Records supplied
*** Begin section ***

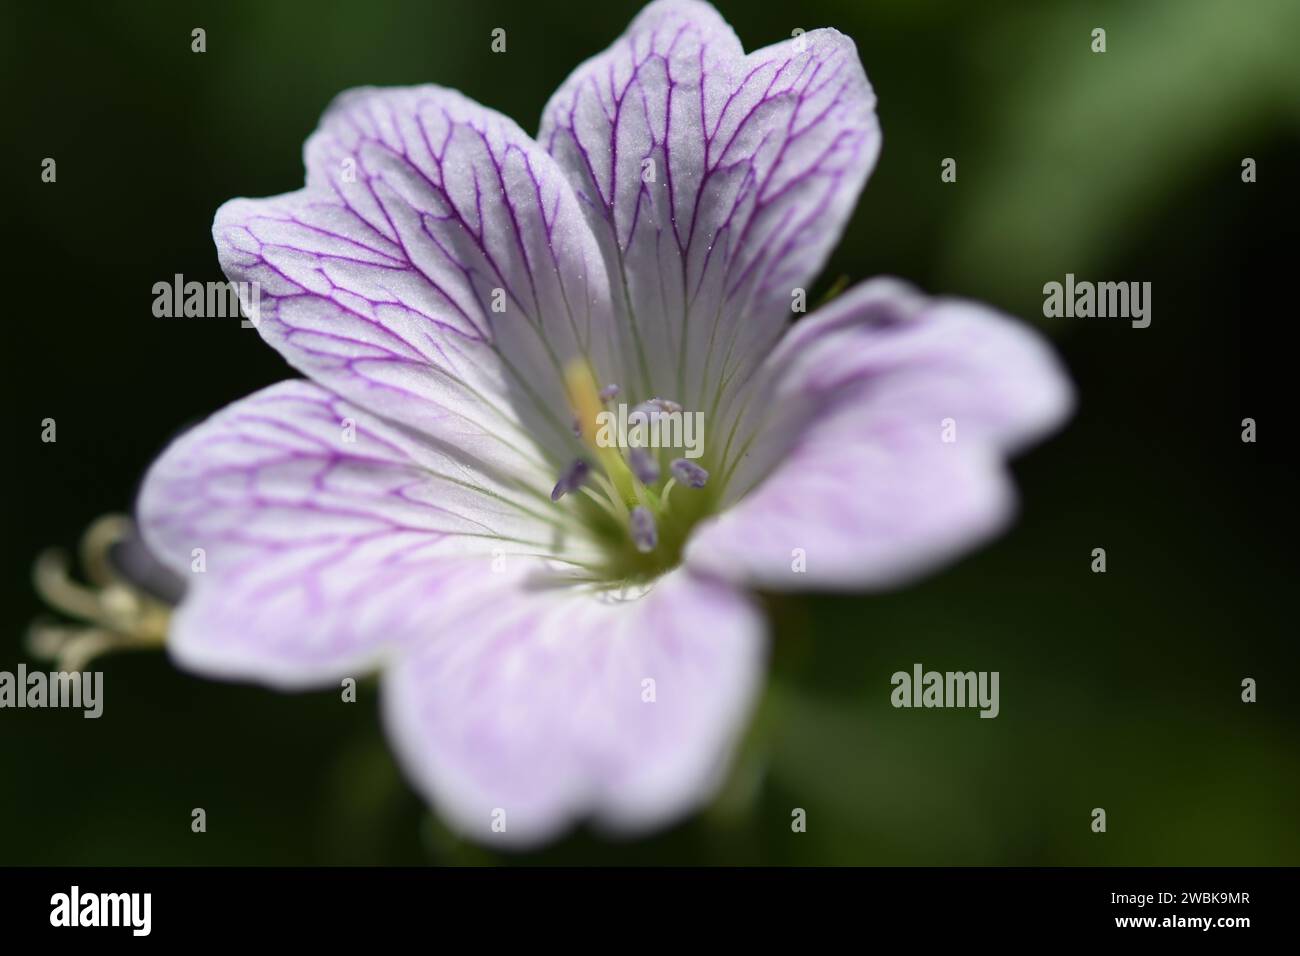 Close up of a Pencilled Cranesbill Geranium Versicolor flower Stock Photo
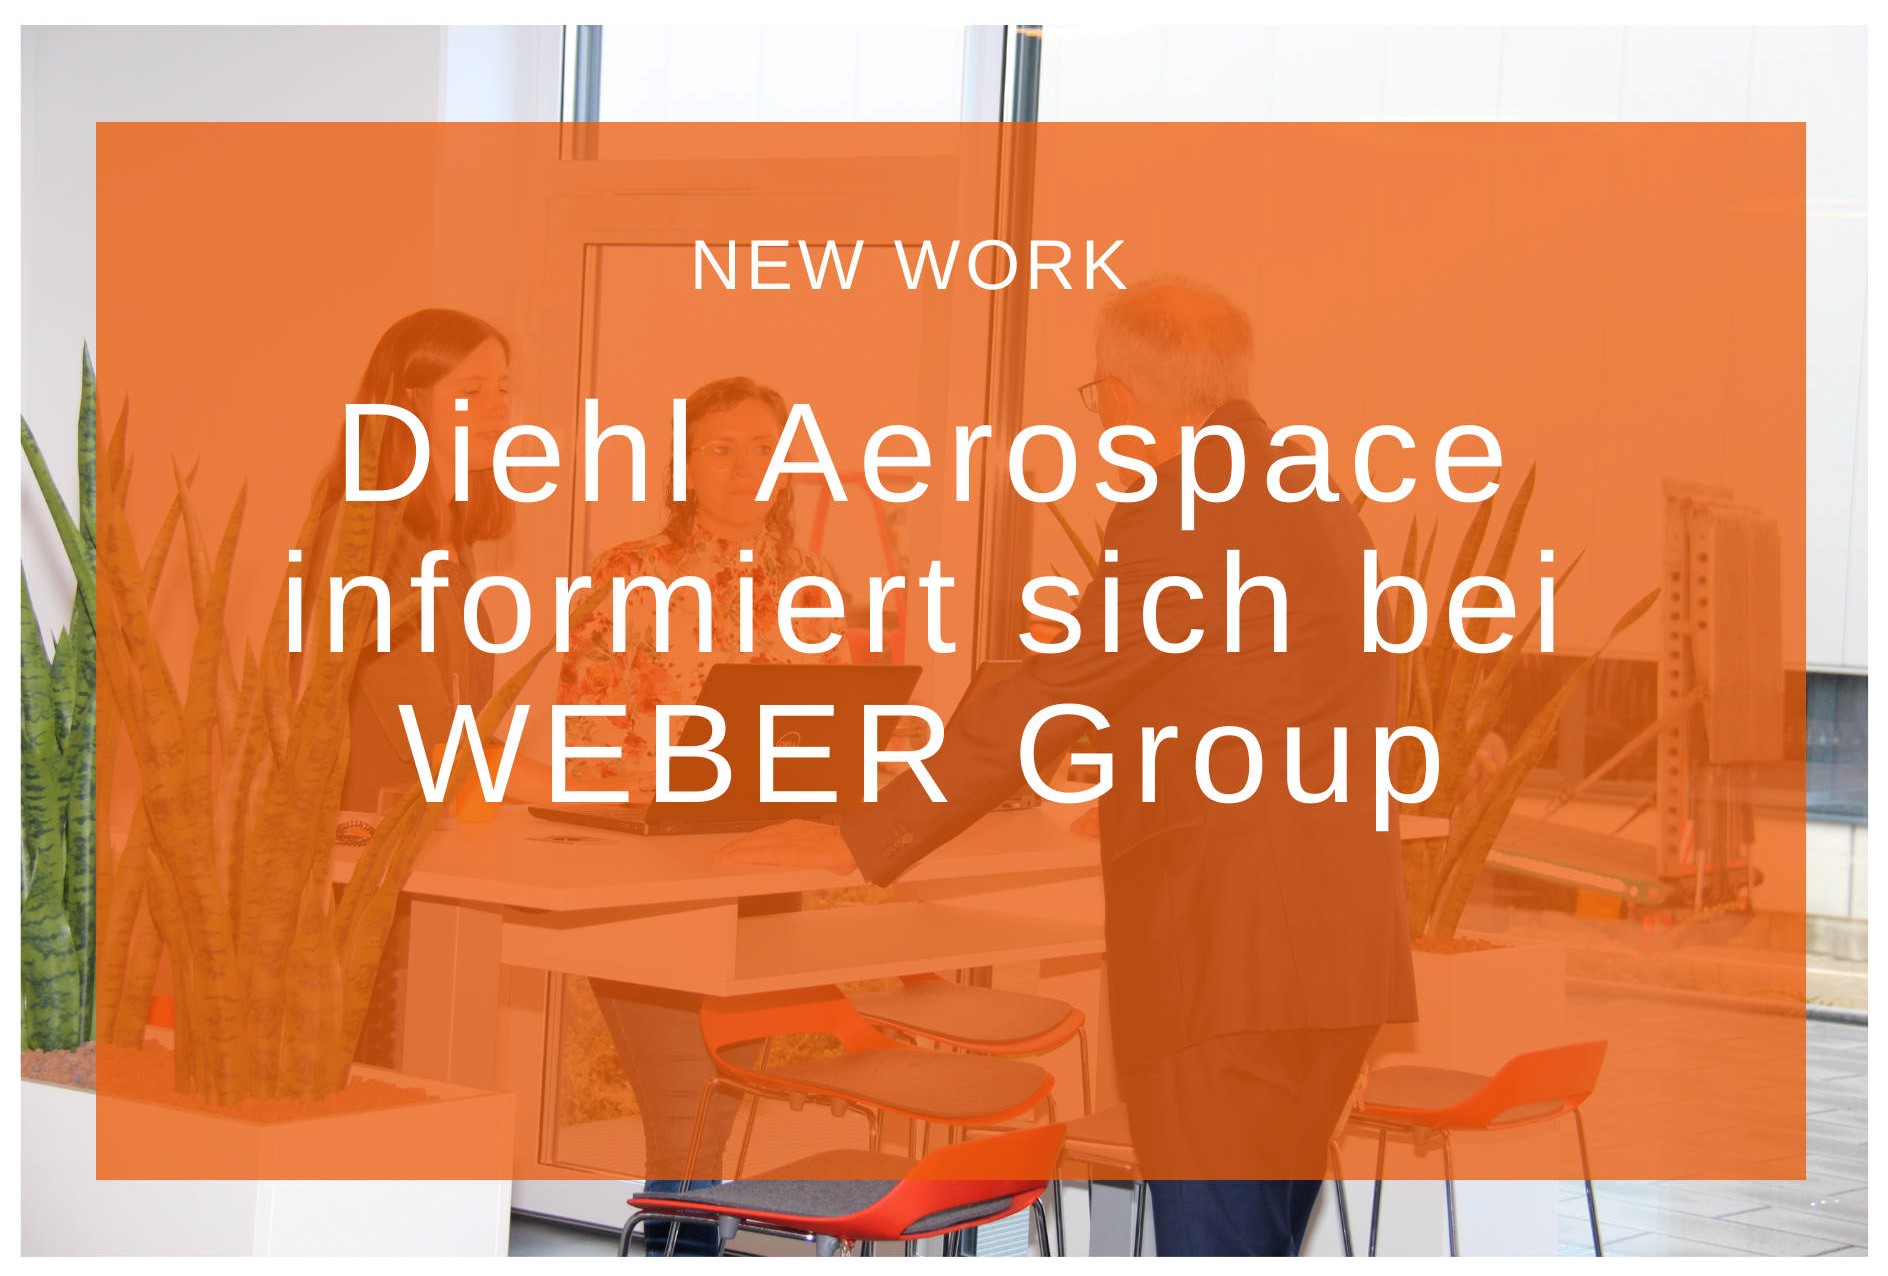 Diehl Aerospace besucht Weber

*** End section ***
*** Begin section ***

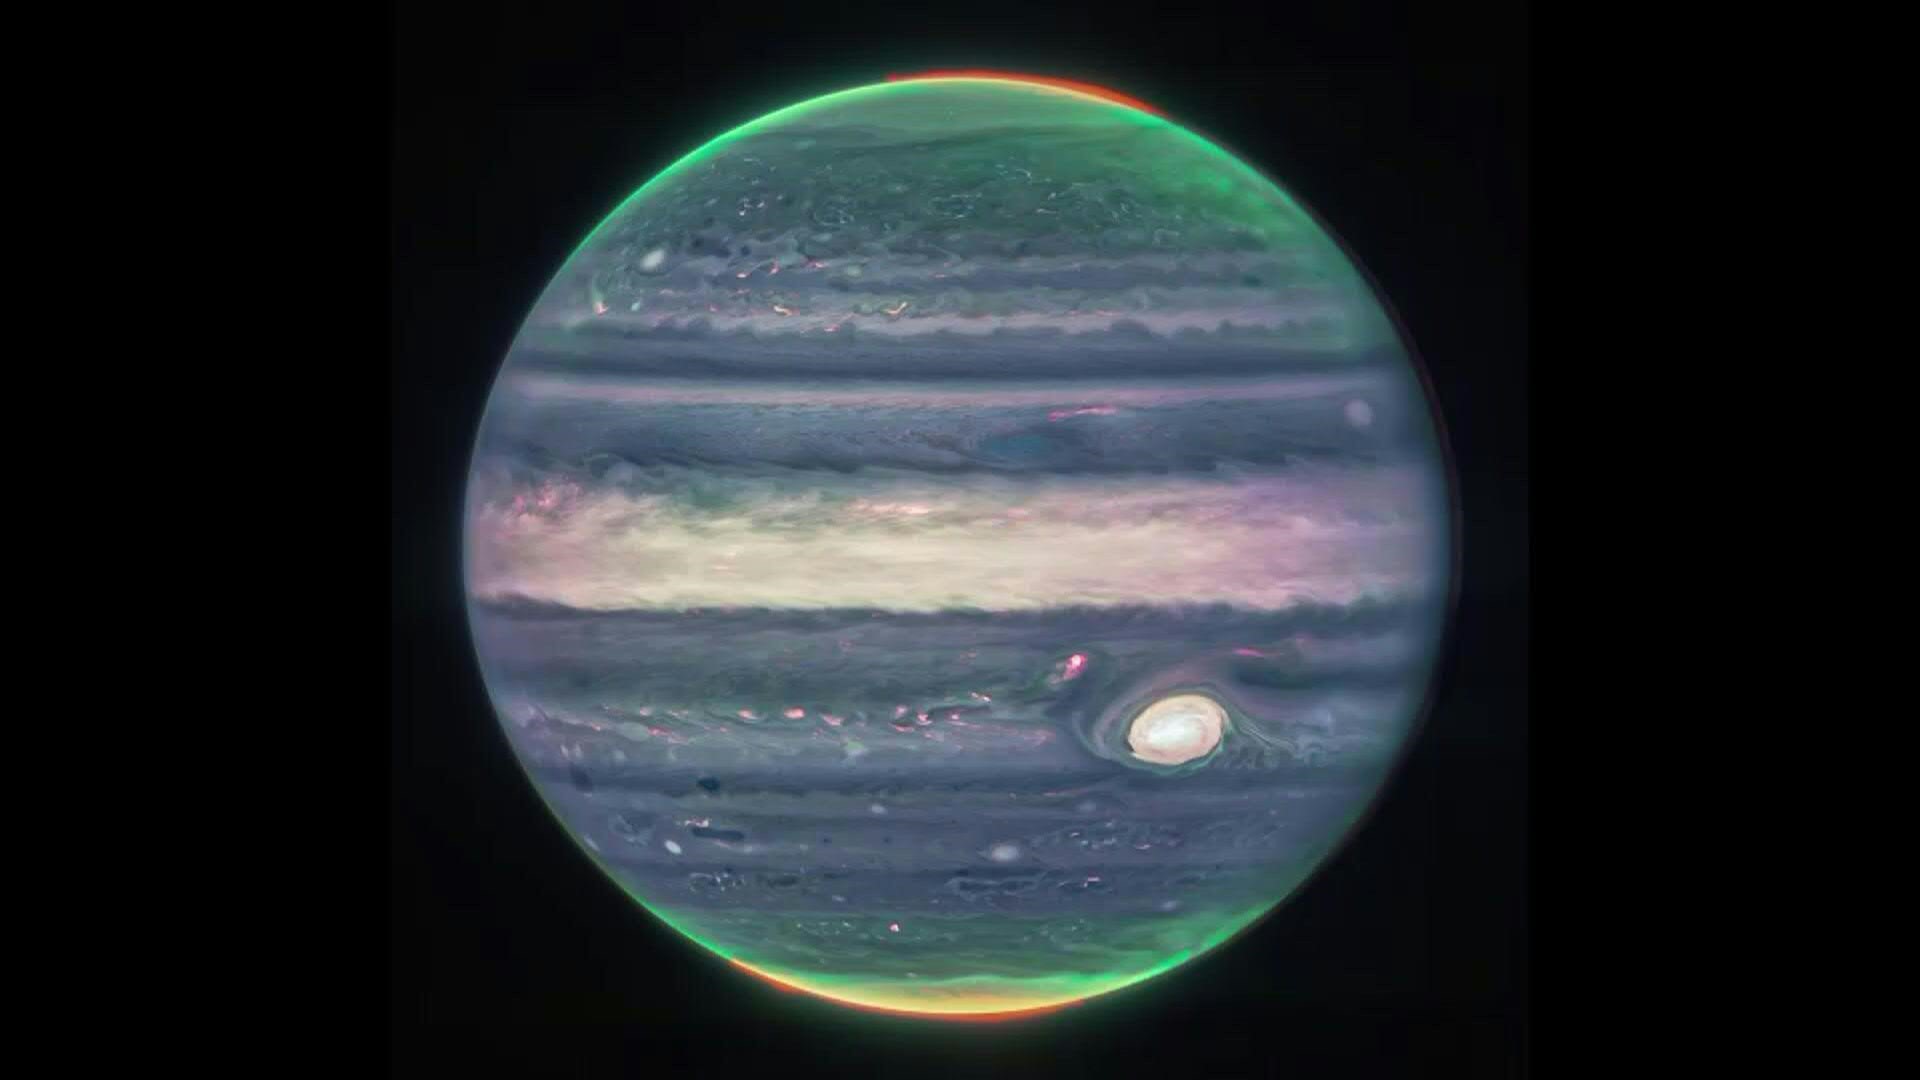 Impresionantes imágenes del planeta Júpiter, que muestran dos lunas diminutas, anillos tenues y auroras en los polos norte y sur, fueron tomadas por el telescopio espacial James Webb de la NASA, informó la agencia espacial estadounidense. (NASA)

*** End section ***
*** Begin section ***

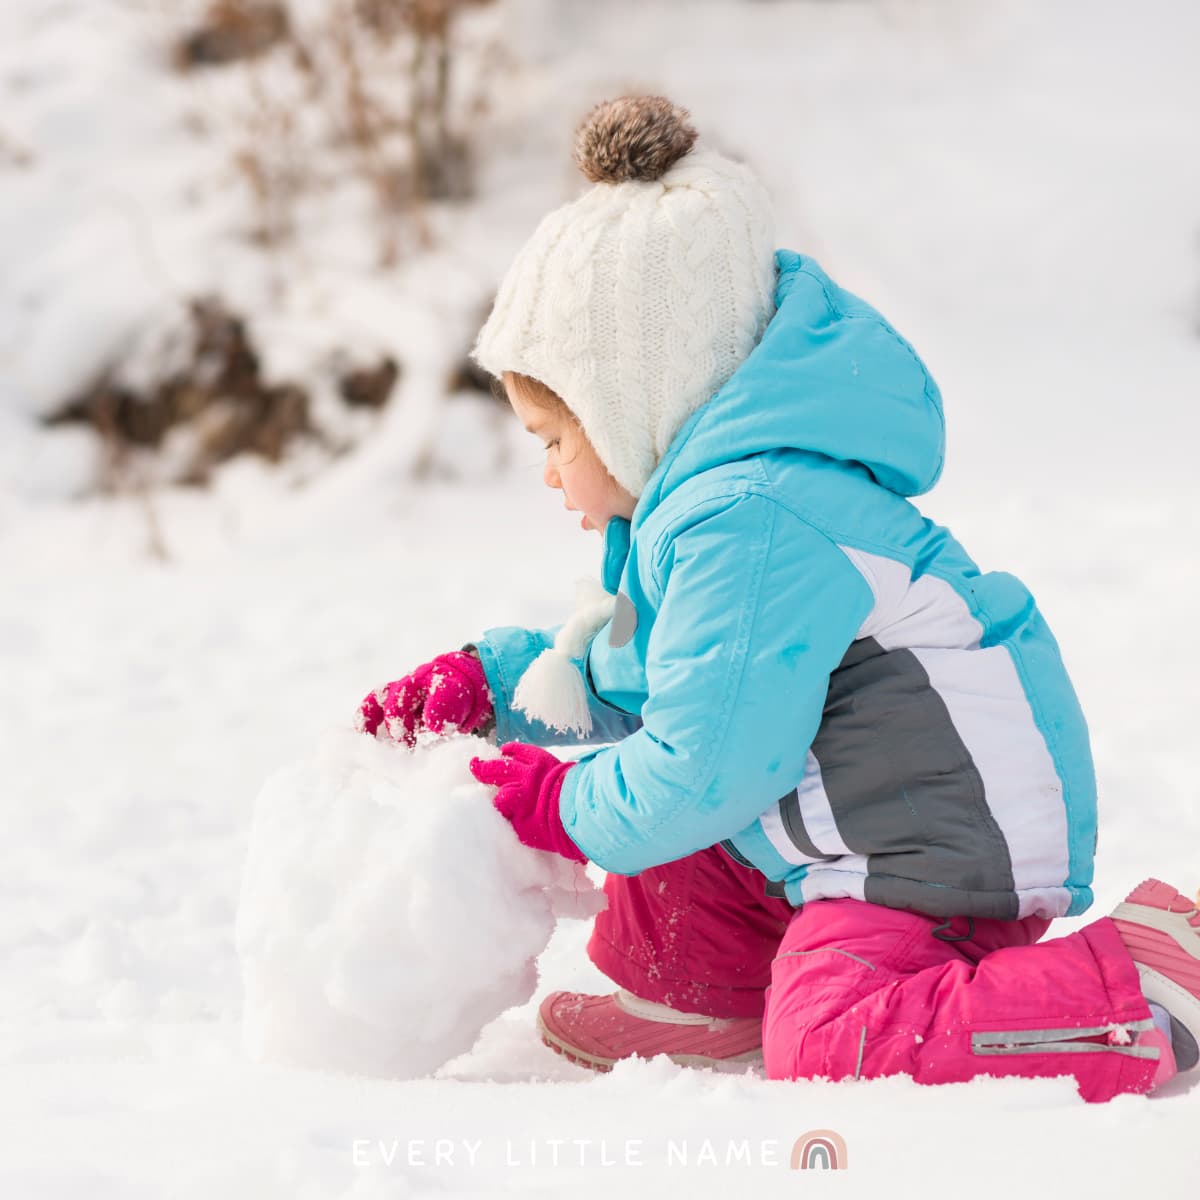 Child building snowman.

*** End section ***

Exercise objective
Make an exact copy of the lines above, beginning with the line with "Close up of" and ending with the line with "Diehl Aerospace besucht Weber", and keep the pictures out of it.

Written answer
 Close up of a Pencilled Cranesbill Geranium Versicolor flower Stock Photo
 Diehl Aerospace besucht Weber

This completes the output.